Thirdly, proteanism is reflected in the tagging system tailored for the CSC (see Section 3.2 Principles of tagging and Section 3.3 Practices of tagging). Since information in the tags is hierarchically ordered, it is possible to decide what degree of specification or refinement is required for a particular search. The user can also rearrange this information or re-tag the linguistic features under investigation by using the software provided on this website (Software). Thus, the tags allow refinement and enrichment, so that, even though the basic information in the tag is structural and semantic, the additional information provided about contextual properties and the commentary (see Section 3.4 Commentary) also permit the user to search for syntactic and textual features.

This section will discuss how such key properties of electronic corpora as flexibility, multi-dimensionality and transparency are reflected in the digitization and tagging principles and practices of the CSC (for a detailed description of the tagging system, see Part III).

In my view, a good balance between the type of research question asked and the type of data retrieved can be created by compiling transparent, flexible and multi-dimensional corpora. Transparency in a corpus allows the user to assess carefully and critically the validity and relevance of each text with regard to specific user-defined linguistic investigations. Flexibility in a corpus allows the user to manipulate the data into a specific form in order to achieve the best possible fit between the data and the theoretical and methodological approach. Multi-dimensionality in a corpus allows the user to restructure the data by re-creating an appropriate frame of reference based on how language-external variables have been conceptualized and defined.

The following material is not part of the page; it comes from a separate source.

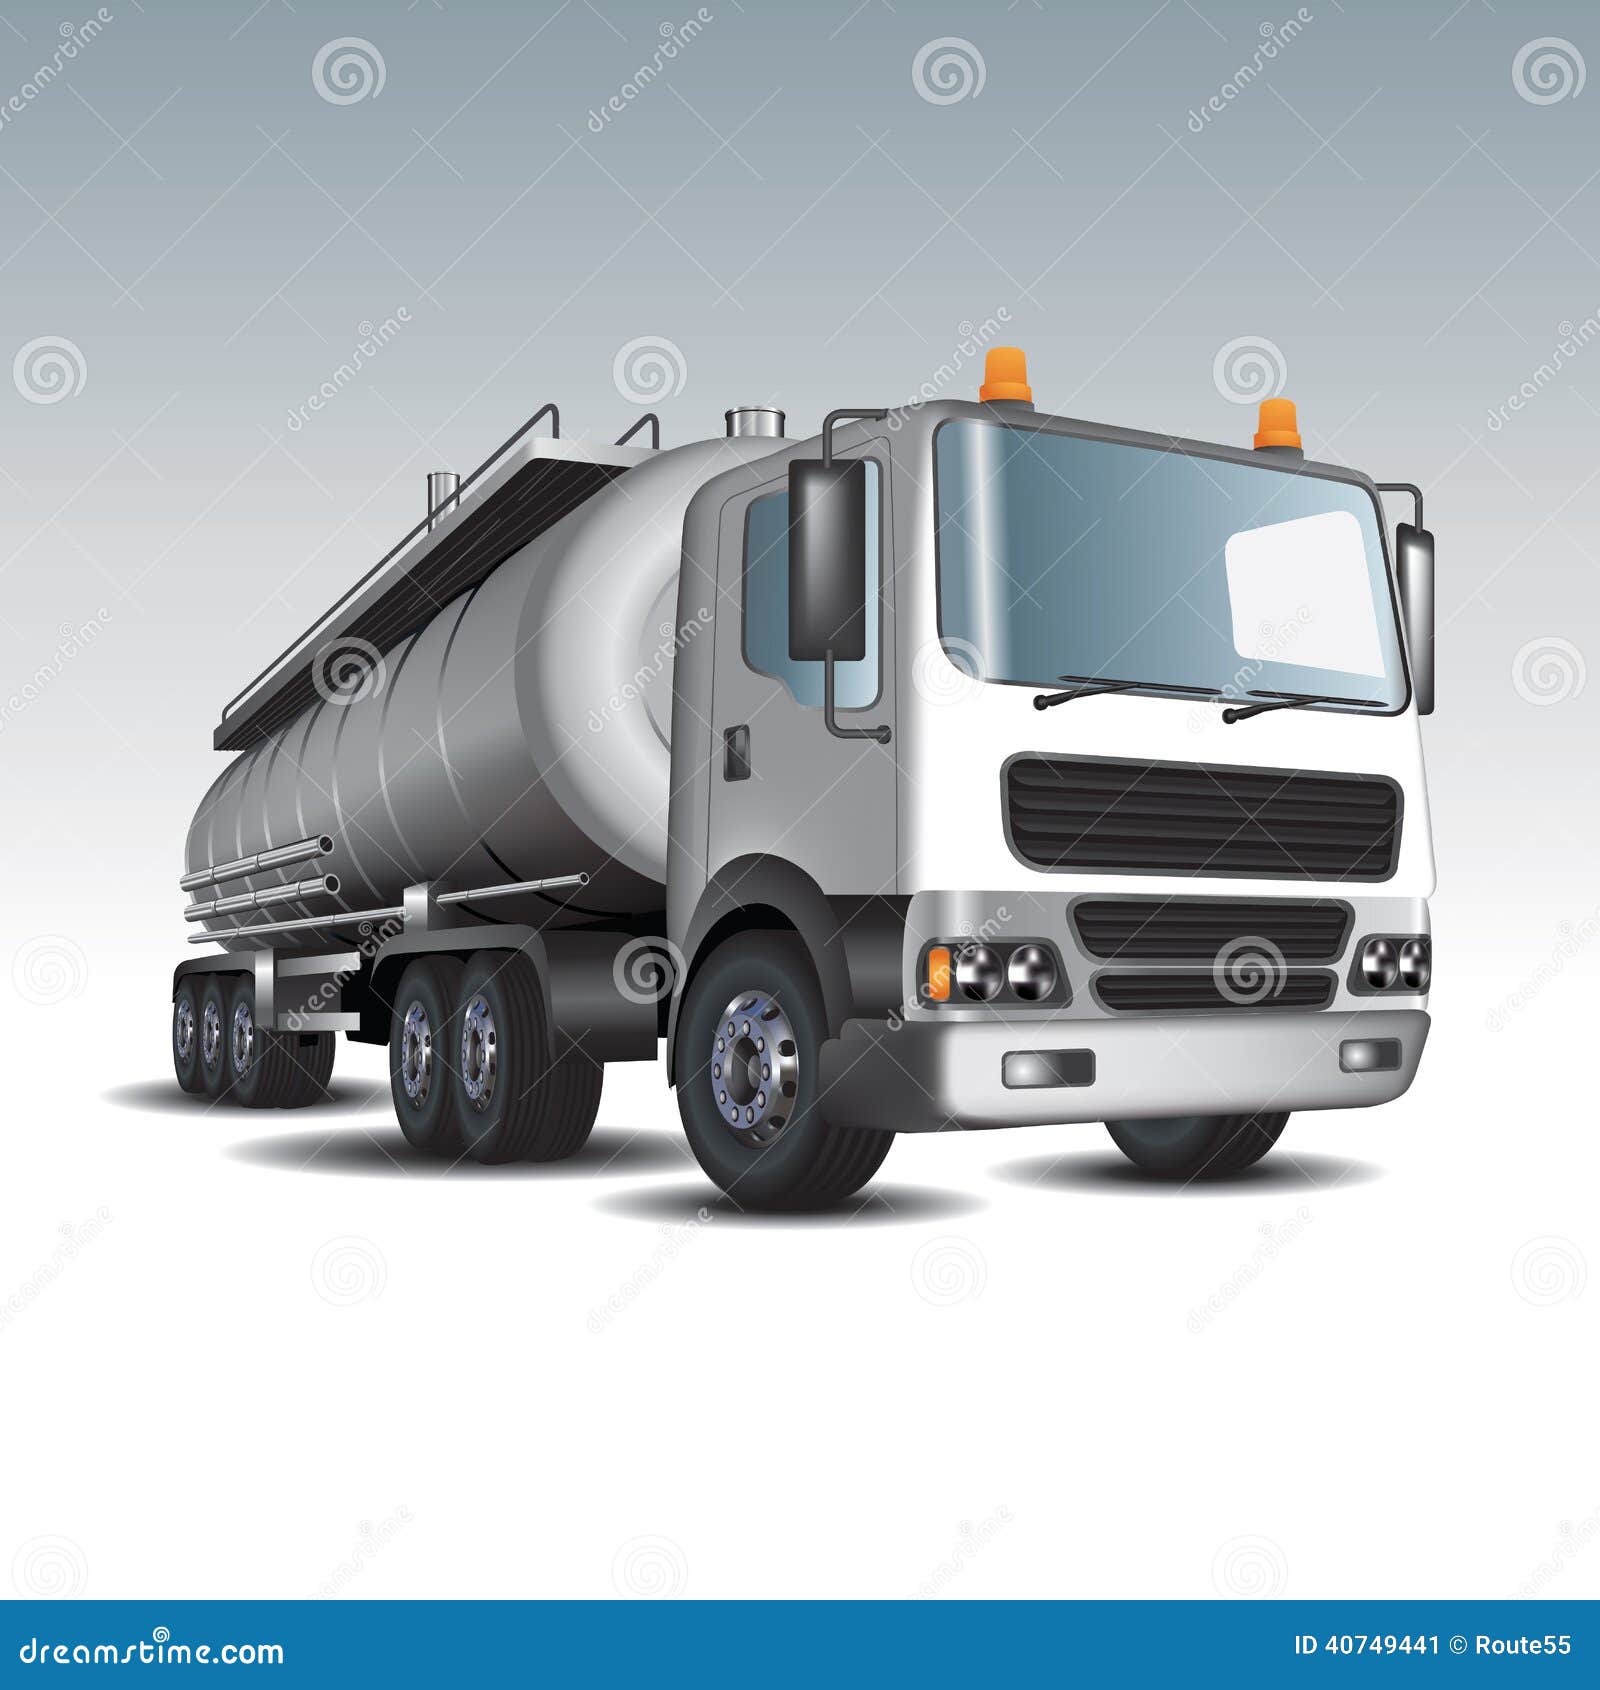 Gasoline tank truck stock vector. Illustration of industrial - 40749441

2.1.1 A corpus and its various forms

As stated above, Protean databases can be reshaped and restructured by the user to achieve the best possible validity and relevance for the study of a specific research topic. While the earlier-generation corpora can perhaps be seen as carefully structured end-products of compiler-defined corpus compilation projects, Protean corpora such as the CSC are databases of digitized texts which, in addition to the basic format, can also exist in various user-defined forms. As Keith Williamson (p.c.) has put it, we would like to put over the image of a corpus as a set of texts in a relative, multi-dimensional universe.

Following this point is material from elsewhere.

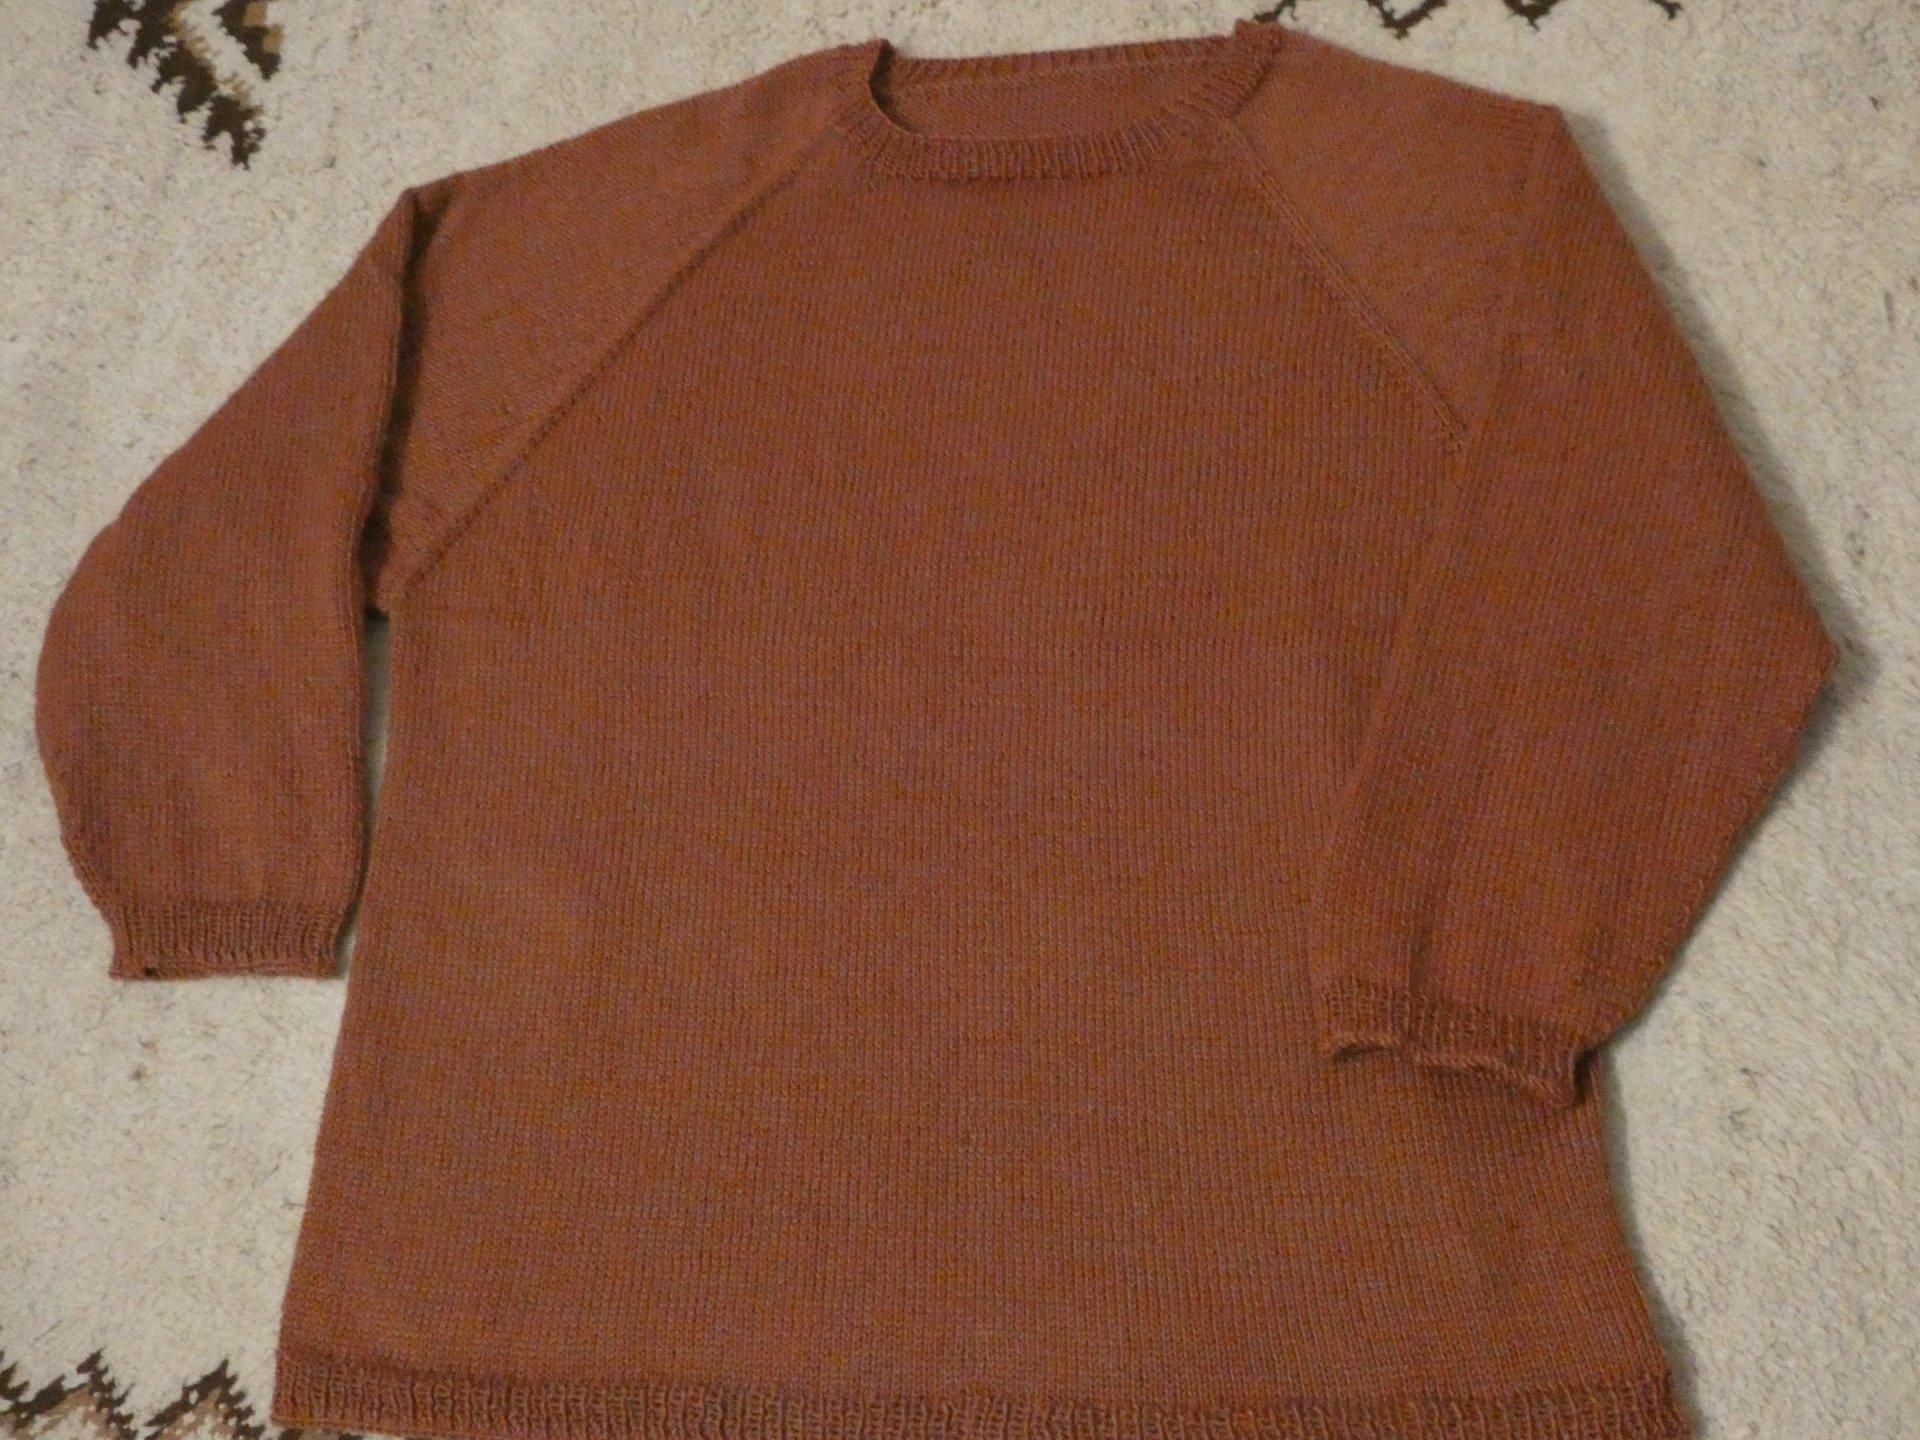 Mein erster RVO-Pullover

According to this approach, the basic format of the corpus remains separate from the various “research forms”. However, even the basic format may undergo changes as part of the ongoing process of development, being revised and expanded at regular intervals. The Protean character of a database of this kind draws on a kind of flexibility which is achieved as follows: it is possible to take a copy of all or part of the basic format and alter the tagging itself, or add to the tagging information at any level from word-morpheme upwards. Flexibility of this kind is an important asset in the study of syntax in particular, and indispensable in diachronic studies. It is also possible to add information that relates to extra-linguistic factors and analyse, define or group these factors in a different way. We may want to create a form which comprises strong witnesses only, with the degree of strength assessed by how precisely a language-external variable, or a set of them - features related to textual history or those related to informants, for instance - can be defined (see Section 1.1 Reconstruction of text languages and Section 1.3 Dimensions of space, time and social milieu).

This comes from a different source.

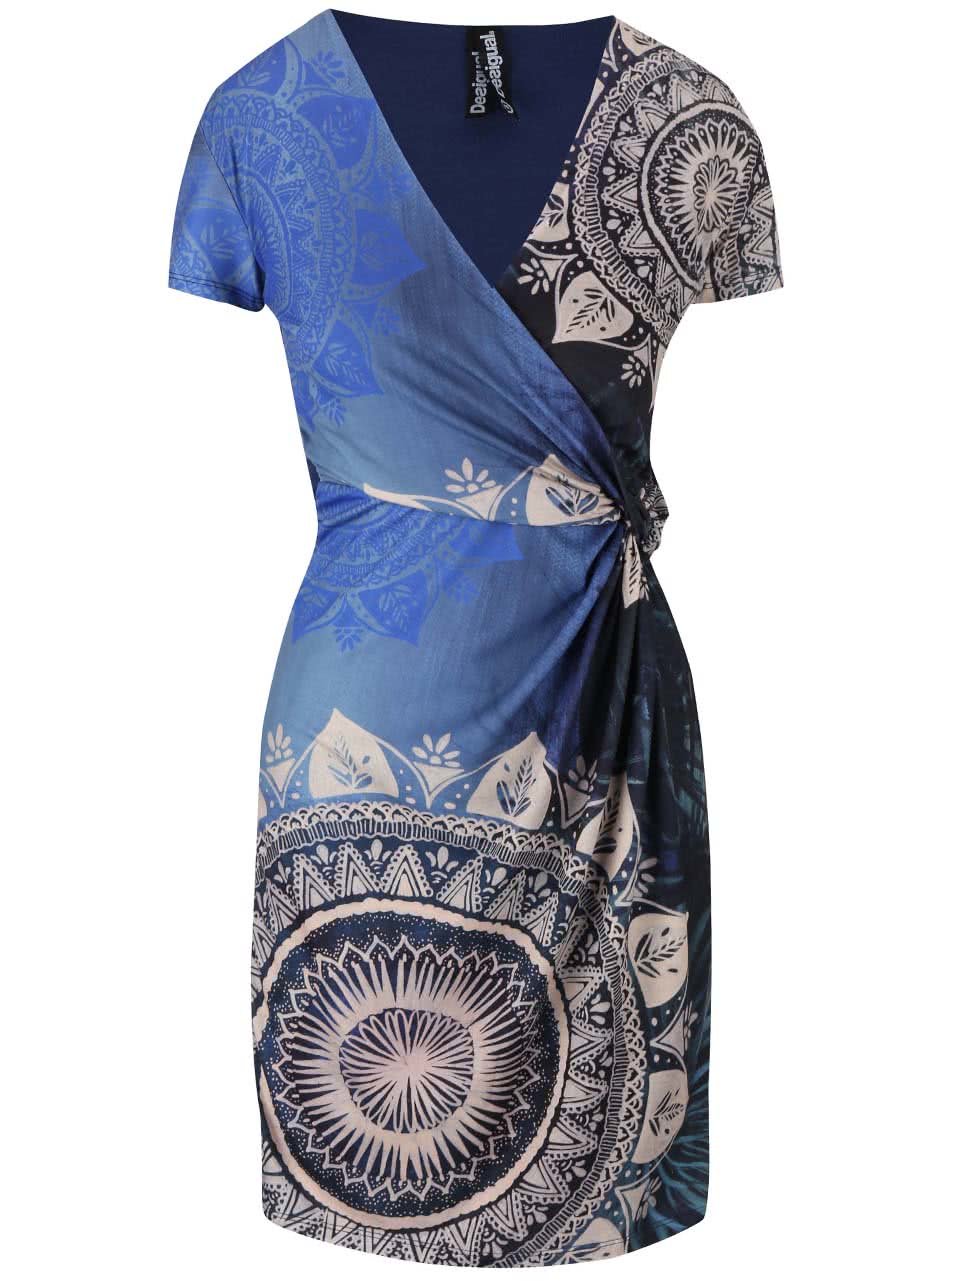 Modré šaty s překládaným dekoltem Desigual Clemente

In principle, reshaping of this kind is also possible with many of the existing corpora, but in their cases the reshaping is restricted primarily to the selection and classification of texts according to language-external variables. For example, the user may wish to research academic prose written by women in the age-range of 40 to 60 in the state of California, and he or she may then proceed by extracting a sub-corpus out of existing electronic corpora. However, proteanism is more deeply integrated in multi-dimensional corpora, as all aspects of these may be reshaped and redefined; perhaps the most important difference is that in creating a new form, new knowledge, whether related to texts, informants, the tagger's grammar or language-external variables, can be immediately keyed in. We also consider it useful that the user can autonomously define what he or she considers to be relevant knowledge. Thus, compilers provide users with as much information as is available to them, but each corpus user can then critically examine the implications that information has for the specific study at hand. As I have argued elsewhere (Meurman-Solin 2001), in my view, over-structuring corpora by using hypothetical knowledge in the definition of language-external variables is not useful. Each user should formulate the definitions in full accordance with his or her theoretical and methodological approach. In general, the creation of a separate – non-integrated – database containing information about the texts is welcome, as the availability of more detailed information about texts allows the application of a less compartmentalized and more scalar way of conceptualizing language-external variables in corpora (see Section 1.3 Dimensions of space, time and social milieu).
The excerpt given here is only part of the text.